### Available data
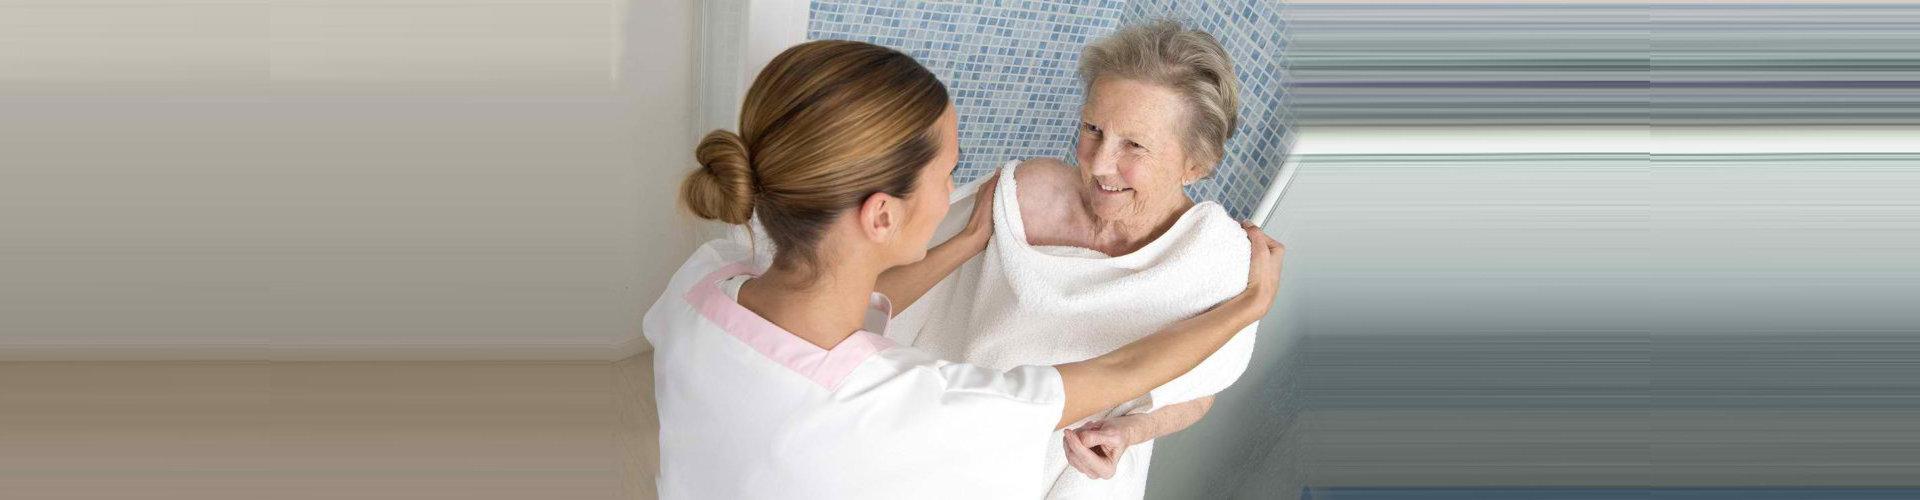 """caregiver assisting a senior woman bathing"
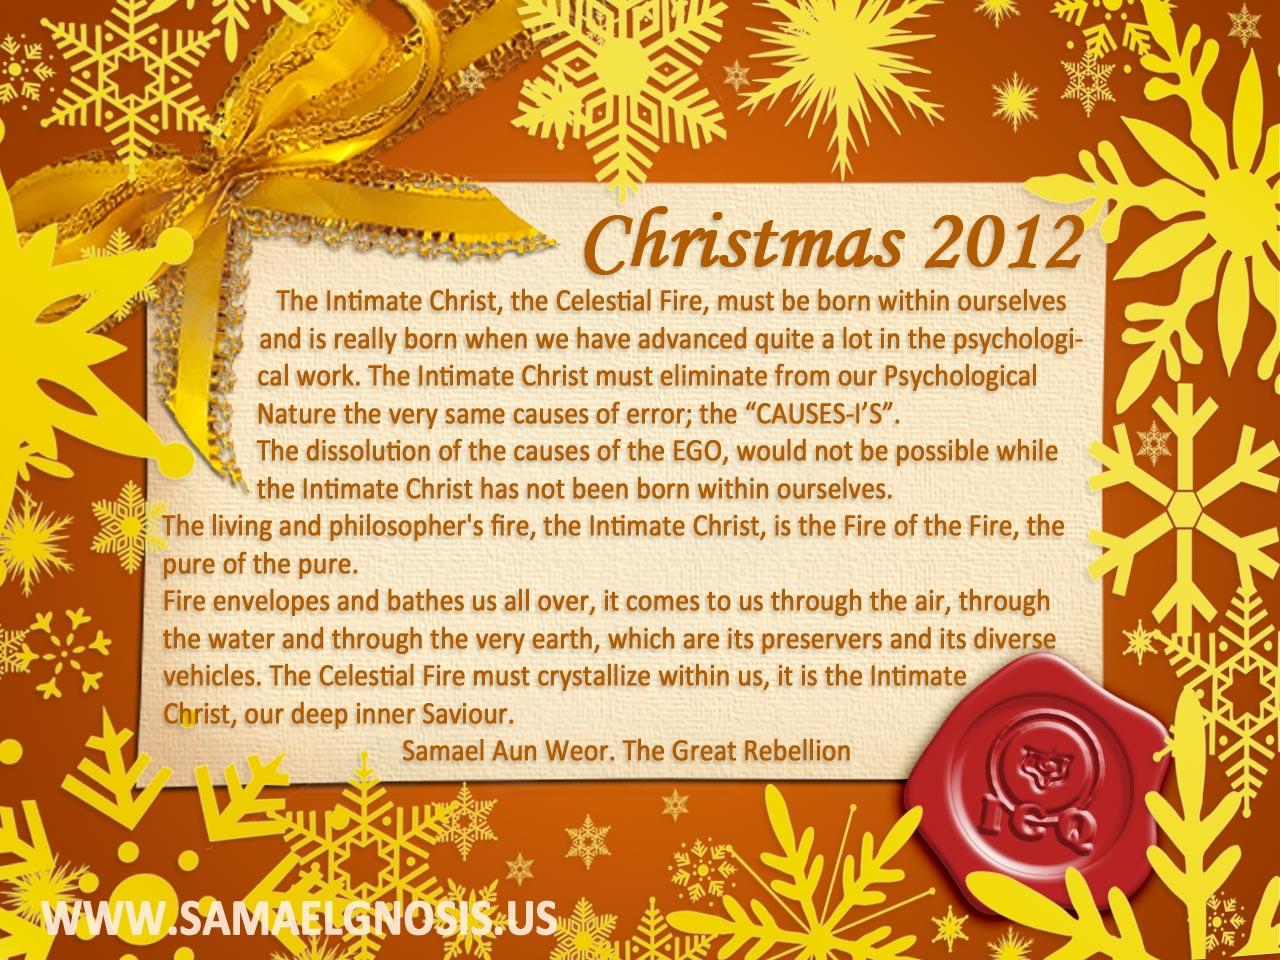 Christmas card samaelgnosis instituto cultural quetzalcoatl 2012 kristyandbryce Gallery
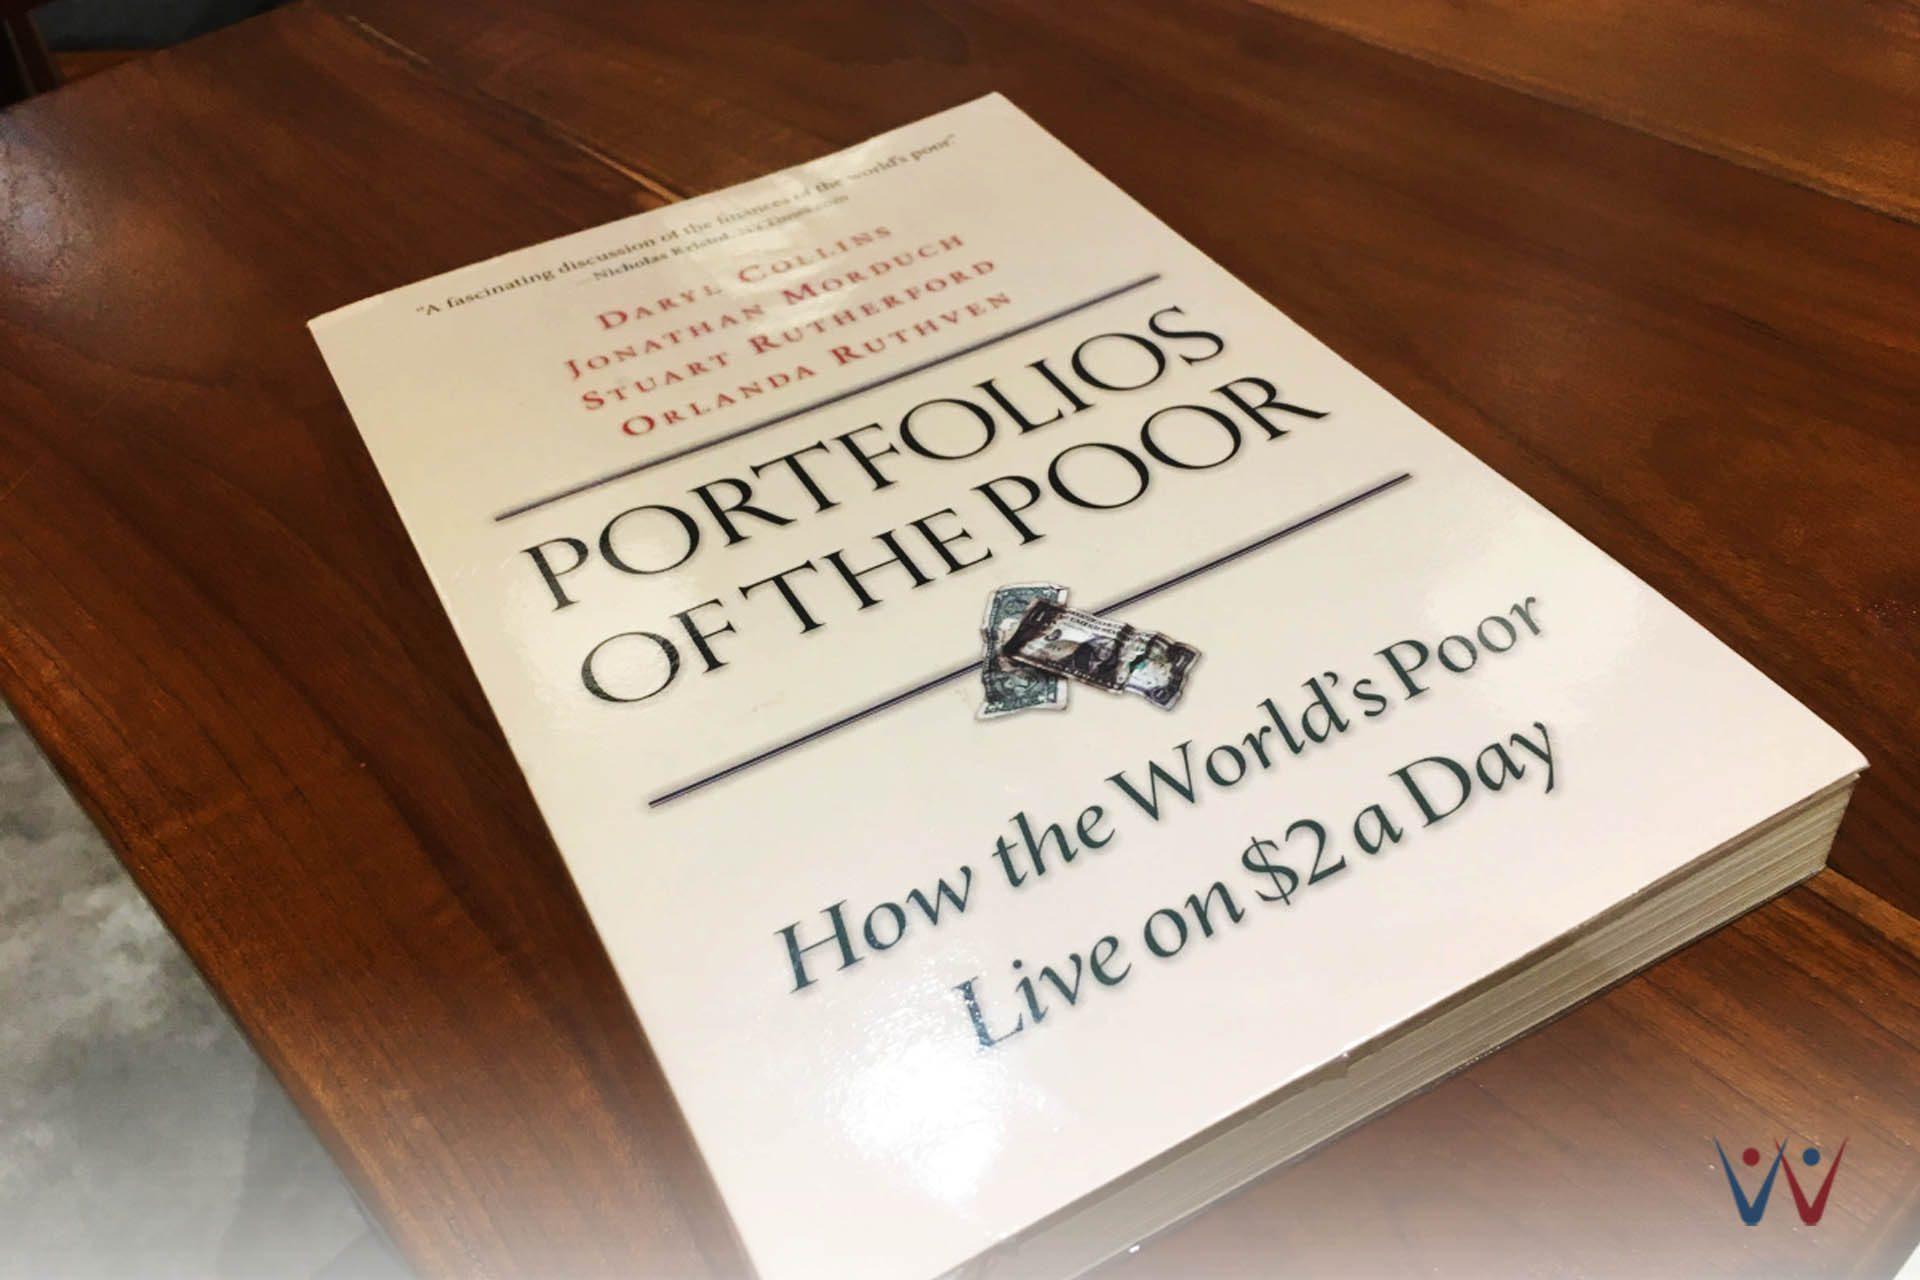 buku favorit orang sukses - mark zuckerberg - portofolios of the poor

### Directions
Lines from the one holding "Christmas card samaelgnosis" to the end of the data, both ends included, are to be given again exactly; no pictures belong in the copy.

### Task response
 Christmas card samaelgnosis instituto cultural quetzalcoatl 2012 kristyandbryce Gallery
 buku favorit orang sukses - mark zuckerberg - portofolios of the poor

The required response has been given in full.